Data shown
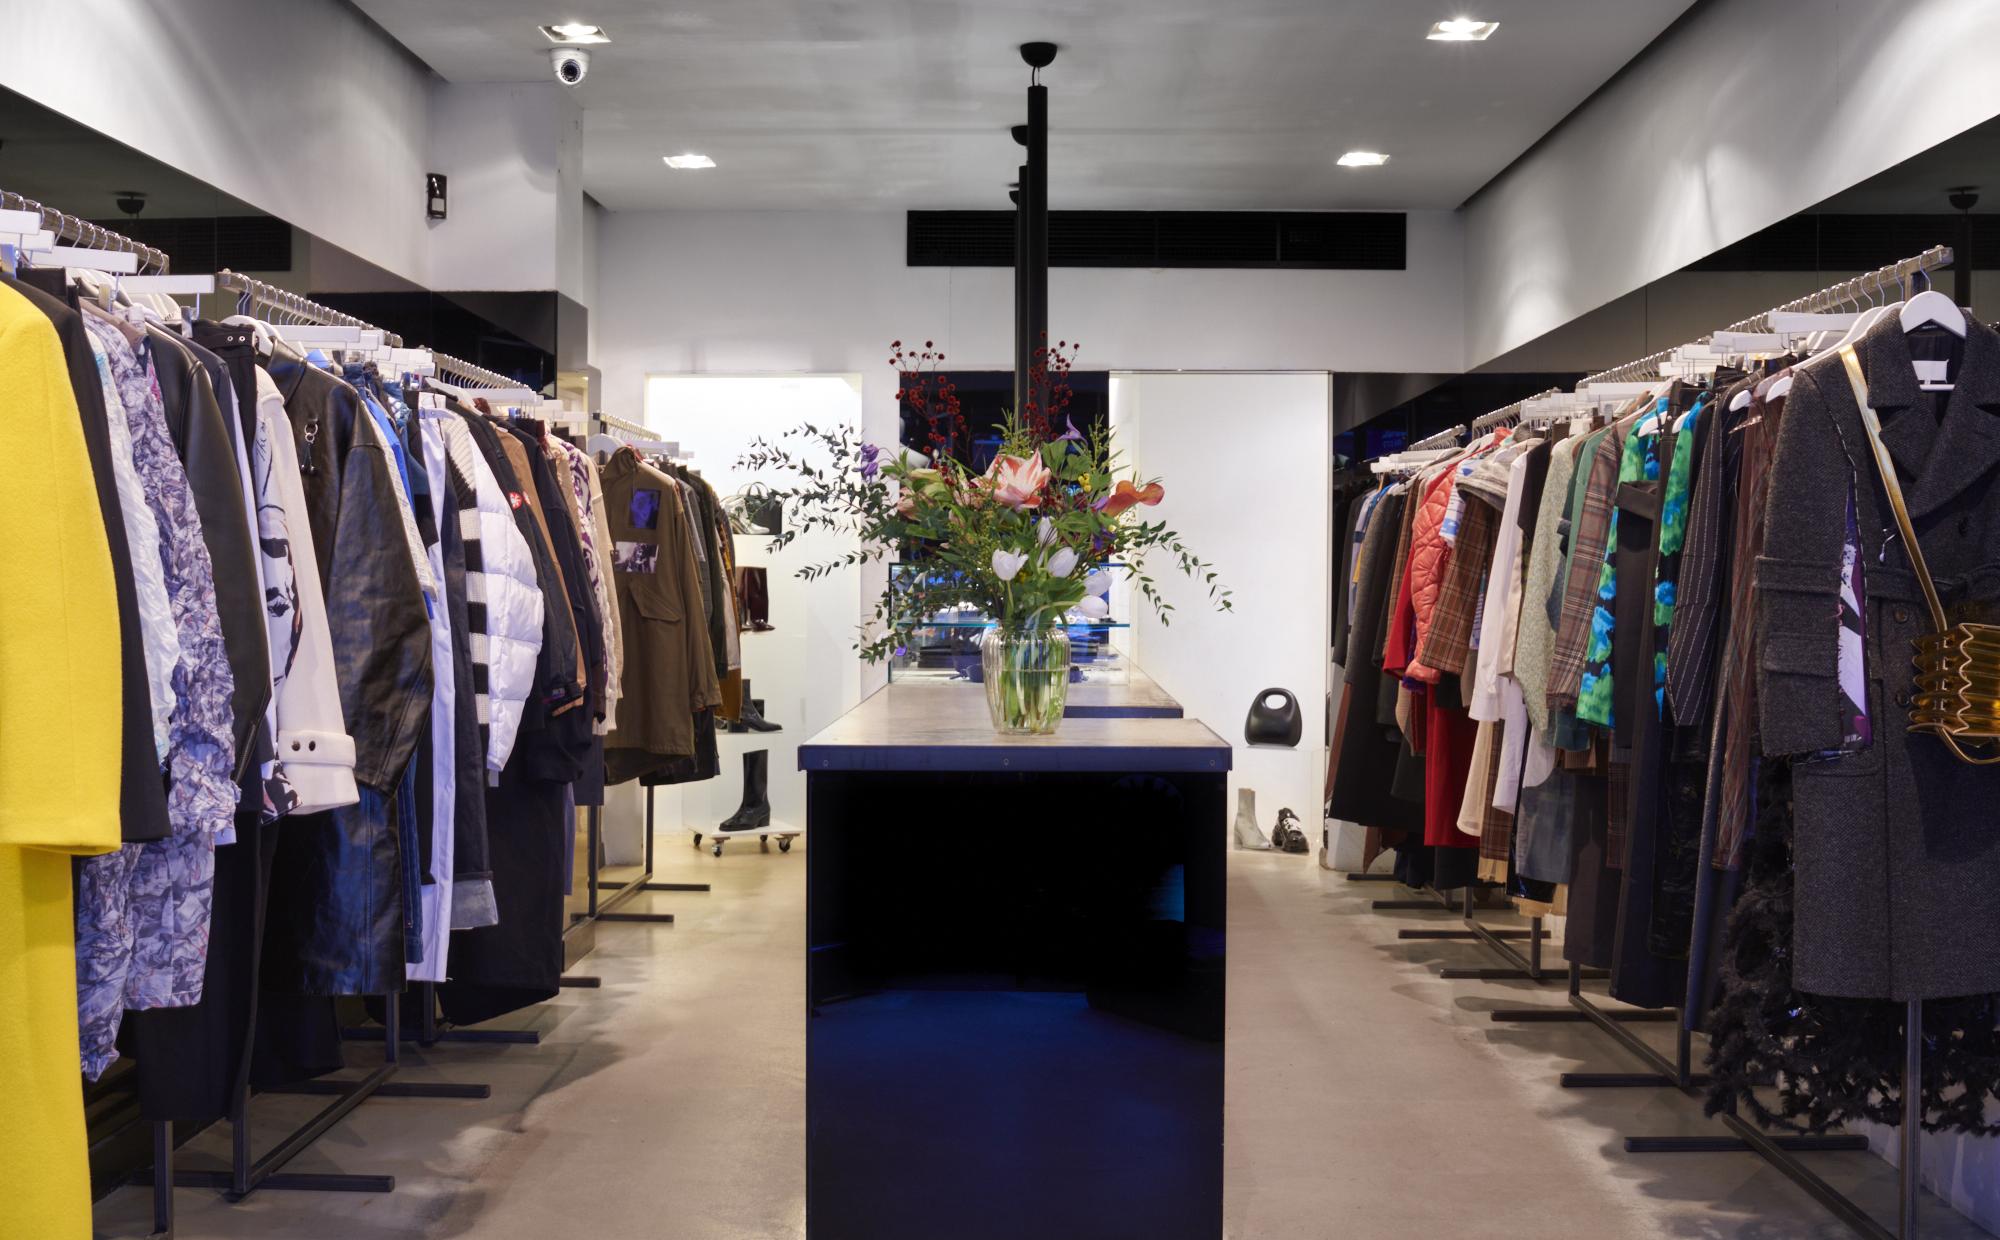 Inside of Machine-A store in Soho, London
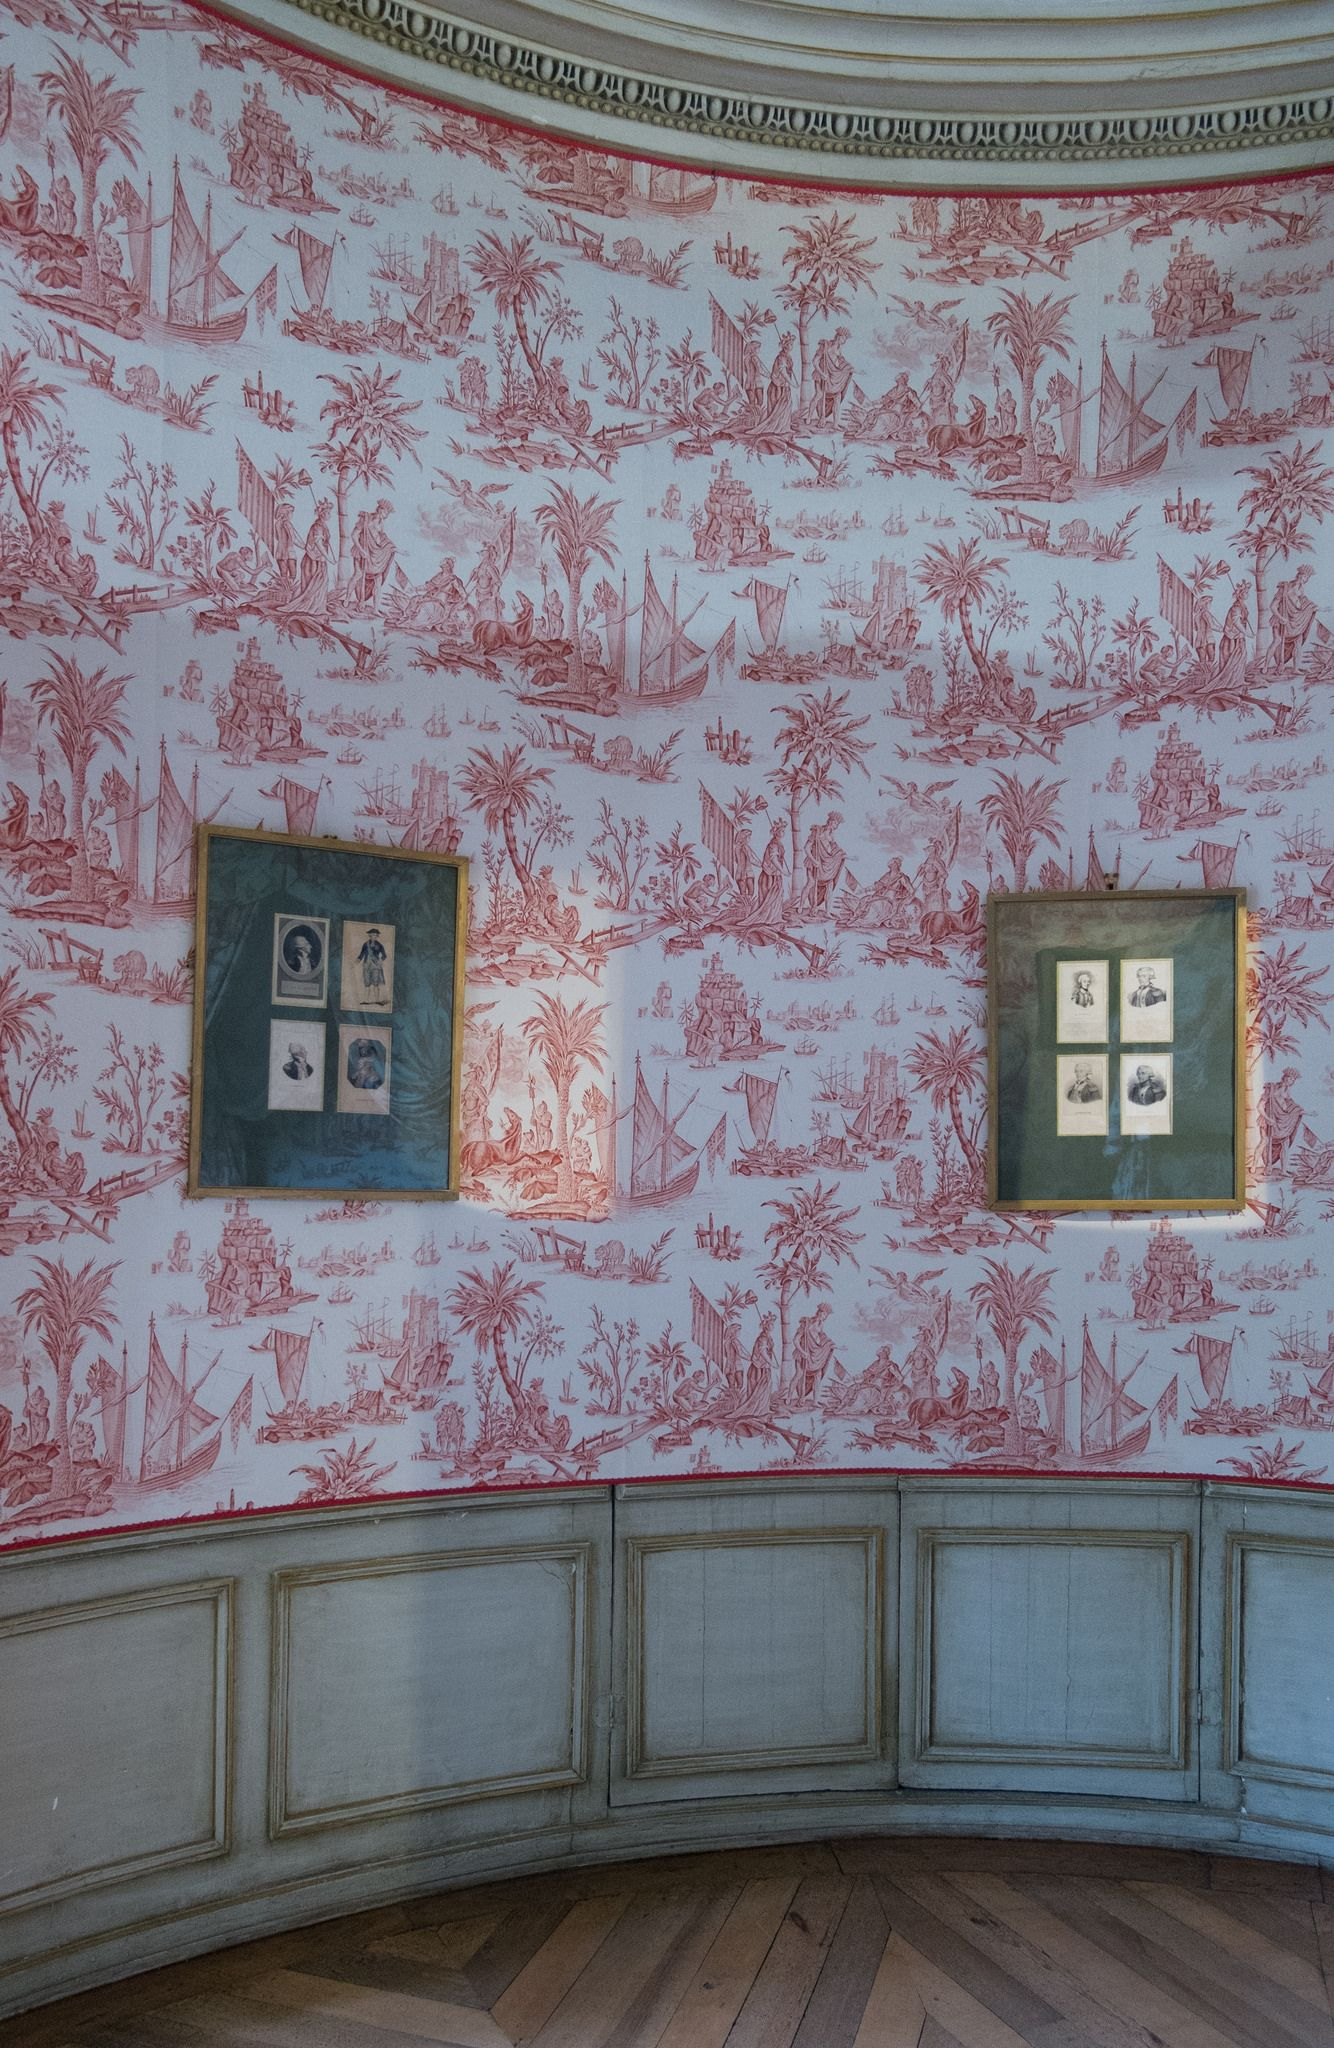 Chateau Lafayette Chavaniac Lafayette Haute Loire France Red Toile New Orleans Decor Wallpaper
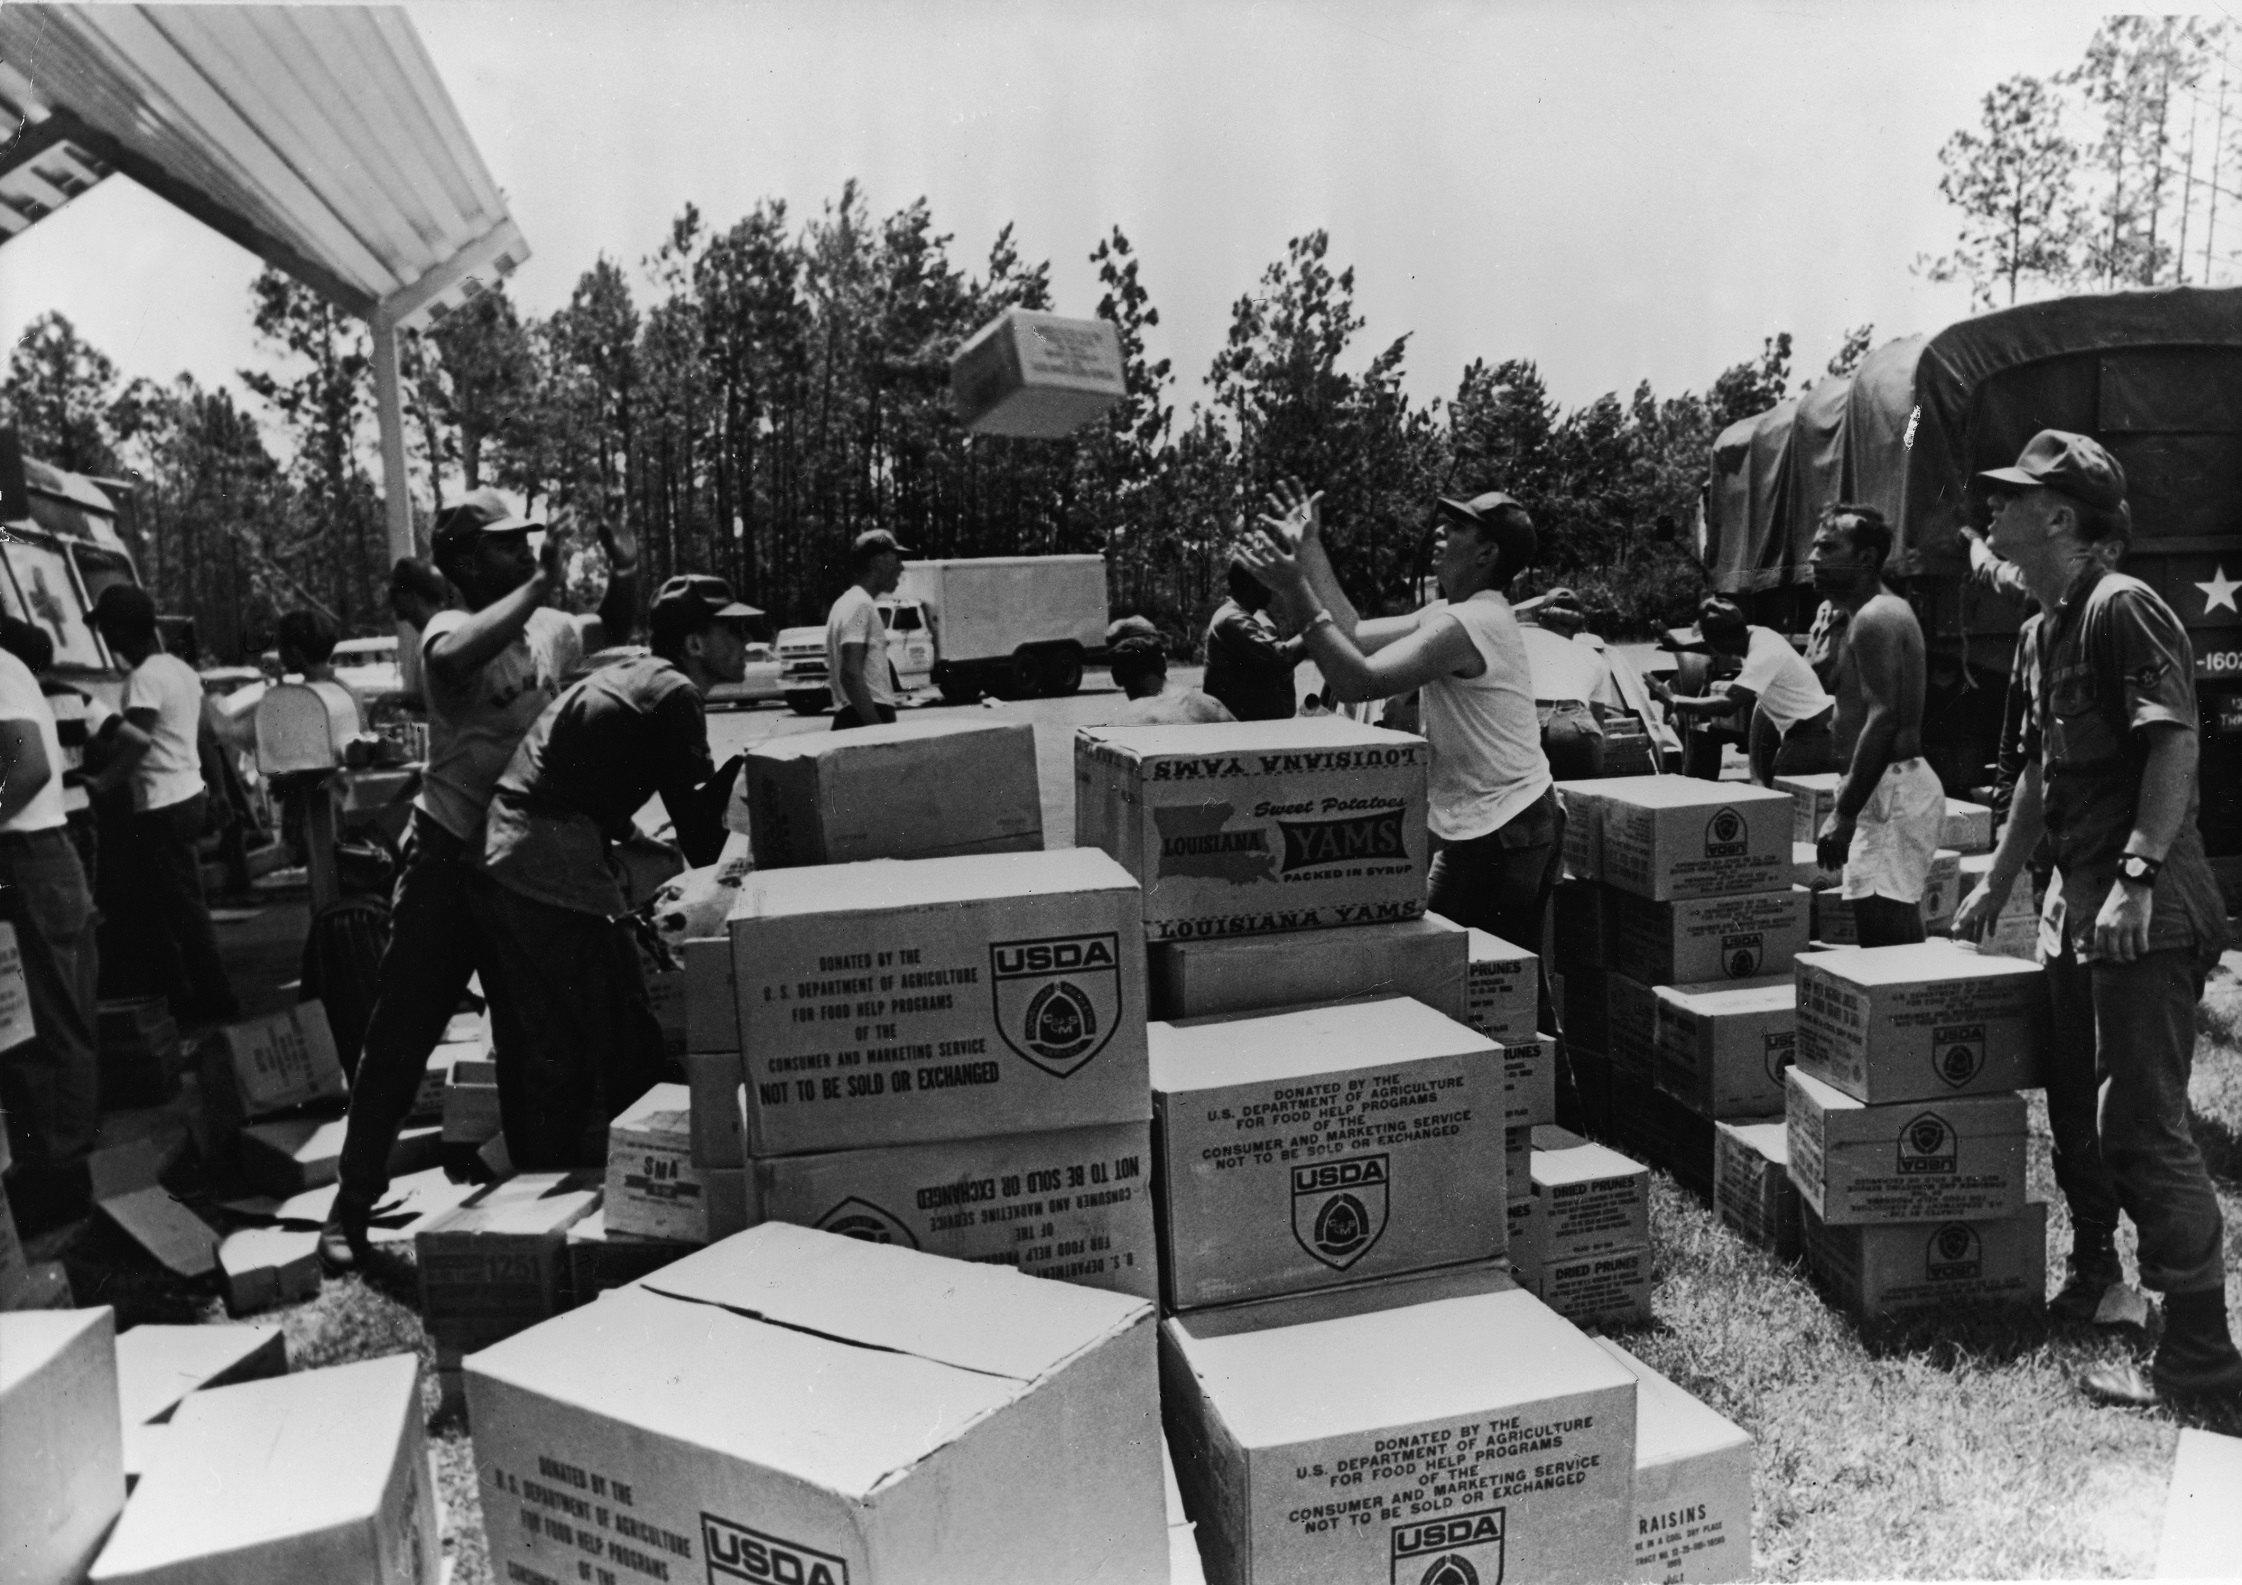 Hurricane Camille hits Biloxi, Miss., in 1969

Work to complete
A word-for-word copy of all the data, without pictures, is the expected output.

Response to the task
 Inside of Machine-A store in Soho, London
 Chateau Lafayette Chavaniac Lafayette Haute Loire France Red Toile New Orleans Decor Wallpaper
 Hurricane Camille hits Biloxi, Miss., in 1969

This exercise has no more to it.